» **Work task**
Transcribe this listing exactly; omit the pictures.

» **Material provided**
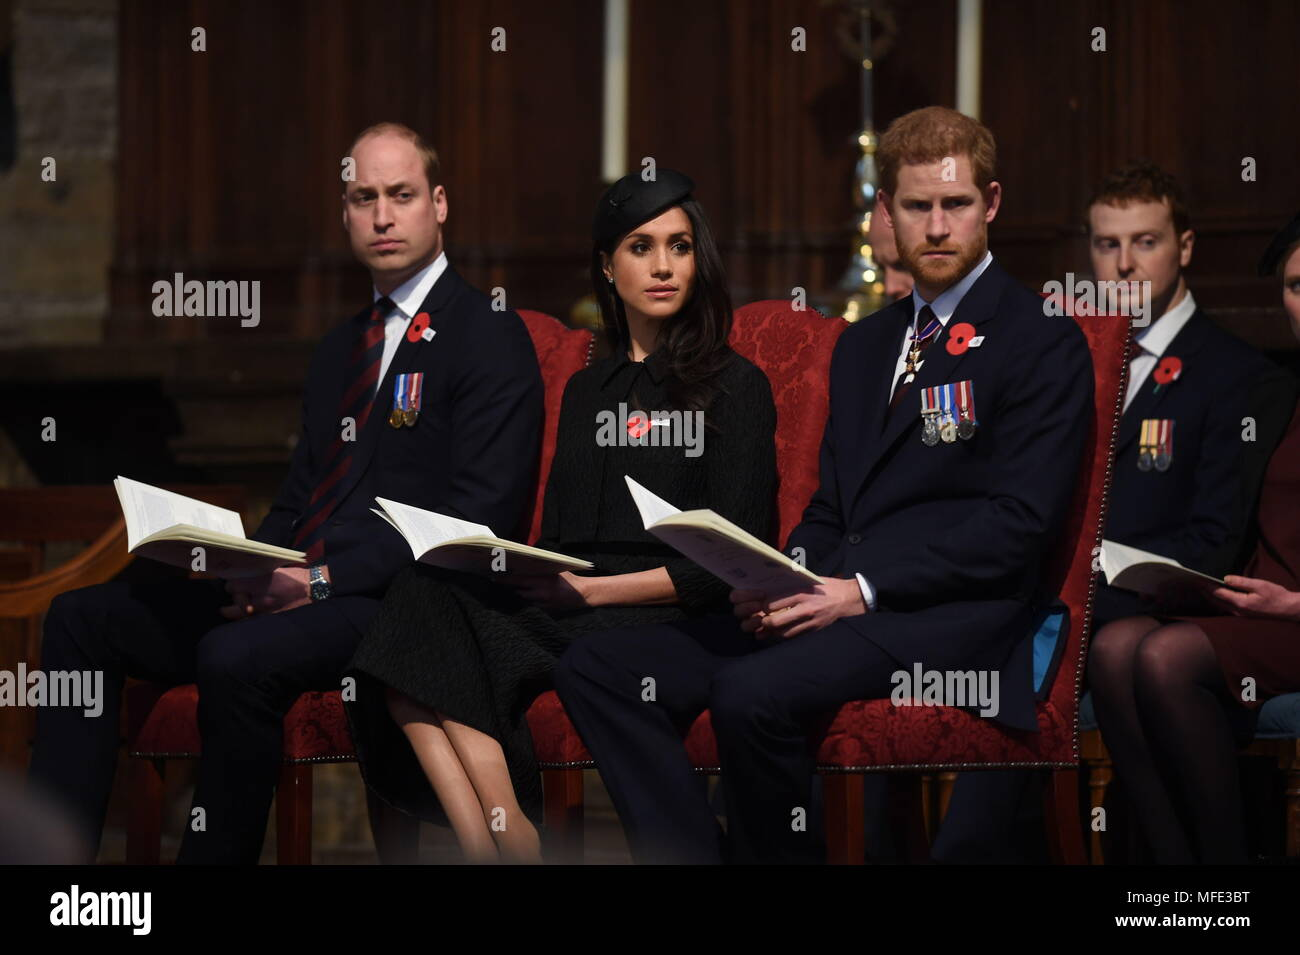 Prinz William (links), Meghan Markle und Prinz Harry im Rahmen des ...
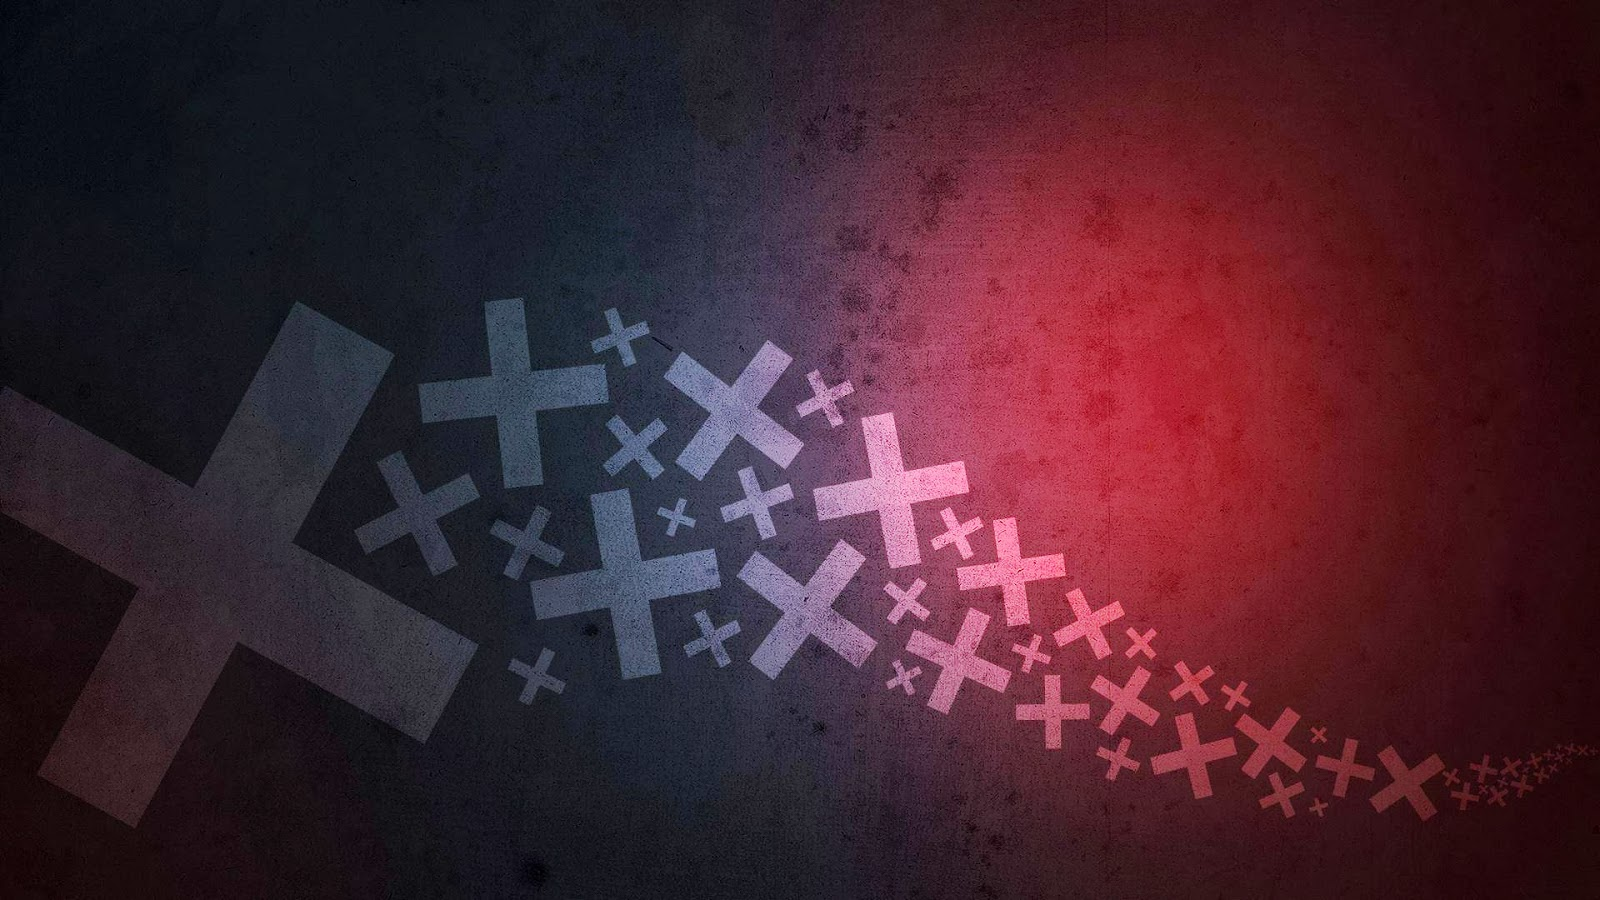 Fondo De Pantalla Abstracto Corriente De Cruces: Fondo De Pantalla Abstracto Corriente De Cruces
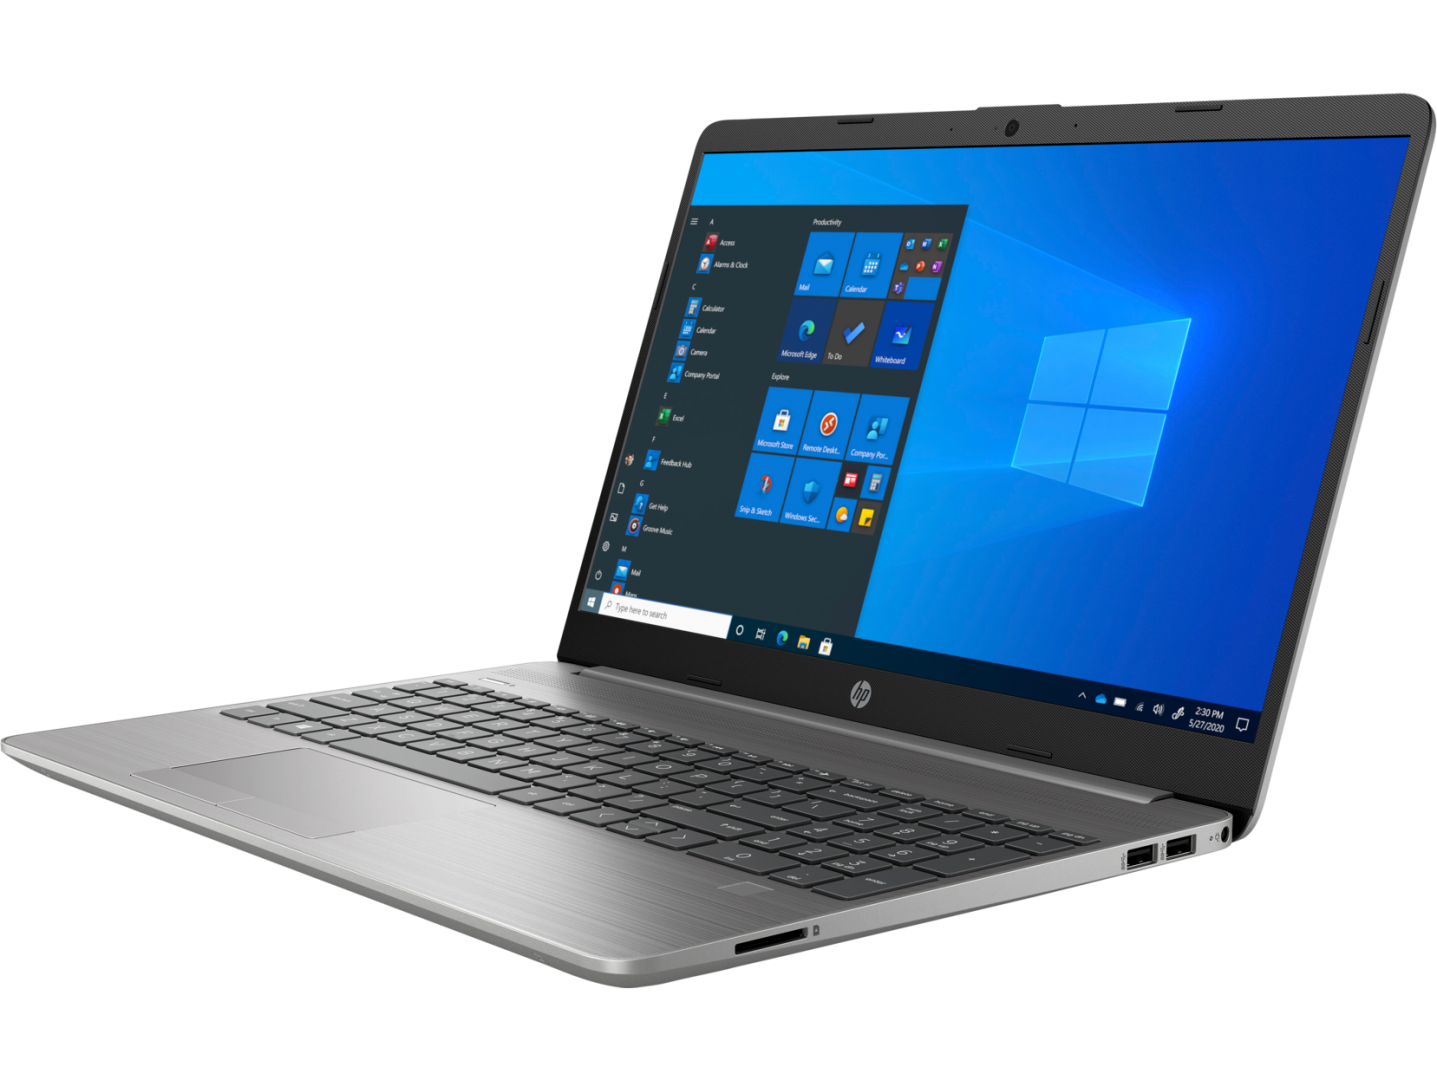 "NOTEBOOK HP 250G8 15.6"" FHD i7-1165G7 16GB 512GB UMA W10P - imaginea 2"

» **Output of the exercise**
 Prinz William (links), Meghan Markle und Prinz Harry im Rahmen des ...
 Fondo De Pantalla Abstracto Corriente De Cruces: Fondo De Pantalla Abstracto Corriente De Cruces
 "NOTEBOOK HP 250G8 15.6"" FHD i7-1165G7 16GB 512GB UMA W10P - imaginea 2"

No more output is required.